Context engineering produces non-deterministic systems. Shreya Shekhar identifies the core challenge: today’s agentic systems introduce “stochasticity, the action-intent gap, and subjectivity of results.” Traditional software has strict guarantees around consistency and fault tolerance. AI agents offer none of these by default.

Levie confirms this from practice: “We are barely scratching the surface on evals. A significant portion of knowledge work is going to move to AI agents, and we have essentially no infrastructure for understanding how they’re performing at a fine-grained level.”

The eval gap means organizations cannot yet reliably measure whether context engineering improvements actually improve outcomes — creating a build-measure-learn cycle with a broken “measure” step.

The agent operator as context engineer

Context engineering is not only a design discipline — it is becoming a job function. Levie projects 500,000 to 1 million new “agent operator” roles in Fortune 1,000 companies (see AI Agents and Job Redefinition). These operators must understand MCPs, CLIs, agents.md files, and how to write skills — but the core of their work is context engineering applied to specific business domains.

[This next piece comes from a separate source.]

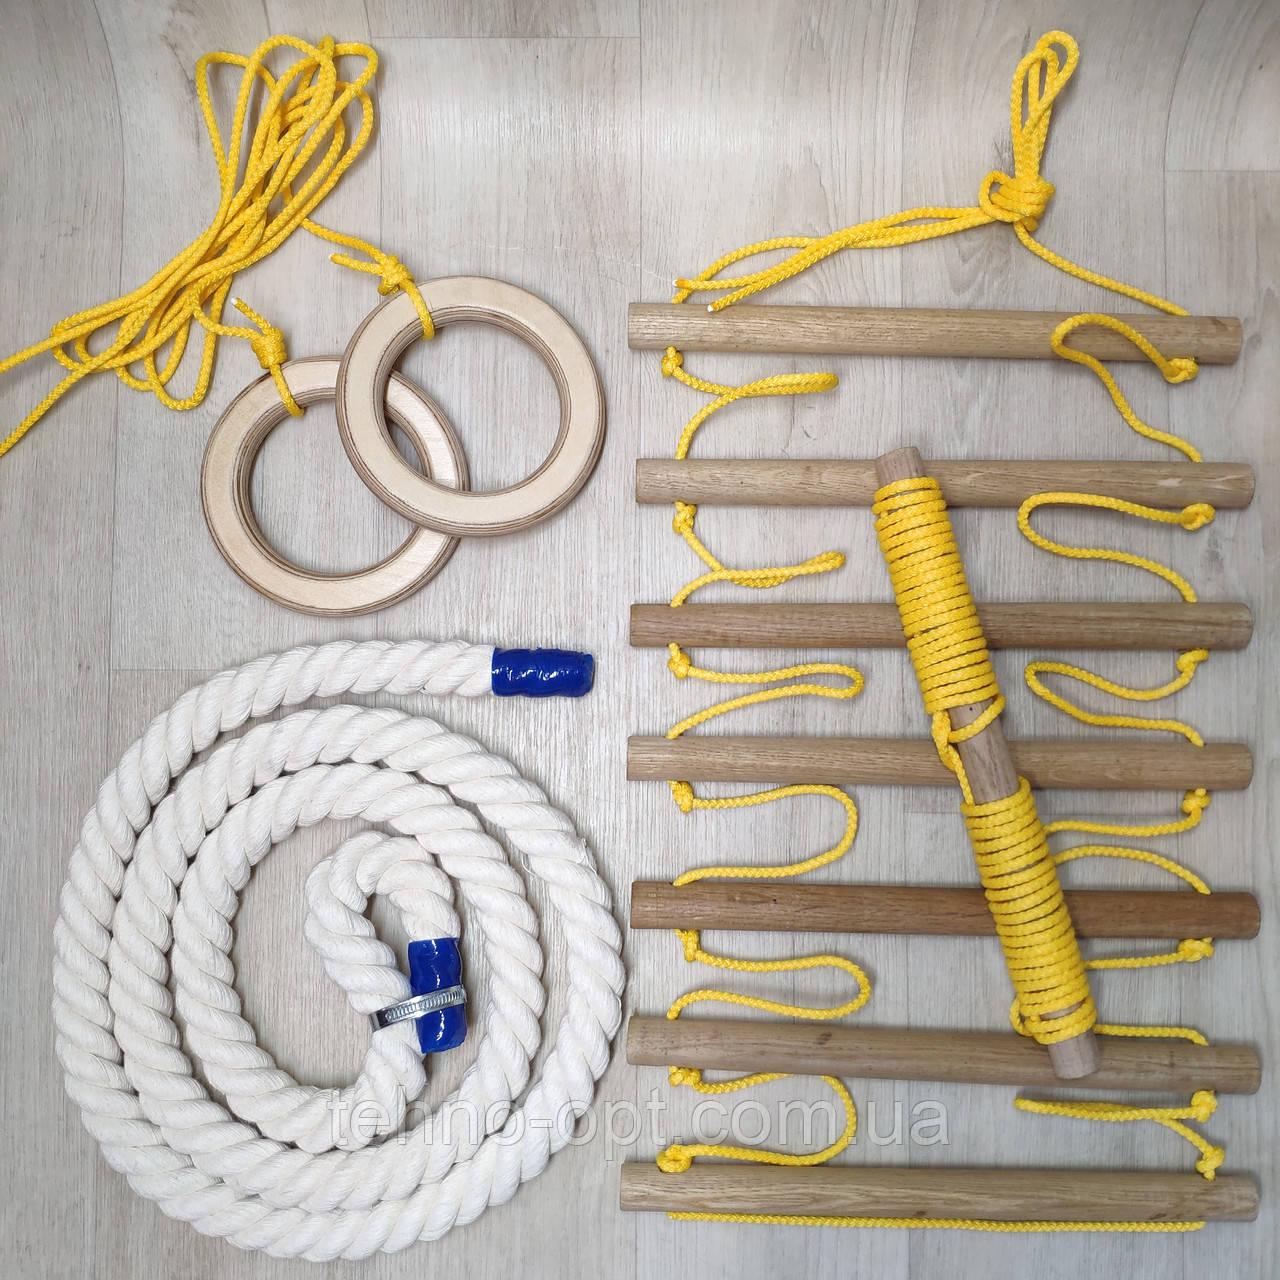 Набор детский желтый  для шведской стенки Канат (хб ) Кольца, Лестница, Трапеция

The challenge in enterprise settings goes beyond prompt design. Agent operators must navigate fragmented data estates where “half your data estate is not even ready to work with the agent” because it sits on network file shares or legacy document management systems. They must restructure workflows so agents receive properly curated context, understand process boundaries, and produce outputs that fit organizational compliance requirements. And when a new model drops, “your workflow probably breaks because the way you prompt that agent now is different” — requiring continuous context re-engineering.

This makes context engineering a perpetual discipline rather than a one-time design task. The feedback loop — build workflow, deploy agent, new model ships, workflow breaks, re-engineer context — demands ongoing technical and domain expertise that justifies a dedicated role.

Connection to the knowledge-judgement shift

Context engineering operationalizes the shift described in Judgement vs Knowledge in the AI Era. The agent supplies knowledge (retrievable, encodable); the human supplies judgment about which knowledge matters and how to structure the agent’s context. The human’s value shifts from knowing things to knowing how to frame problems for AI consumption.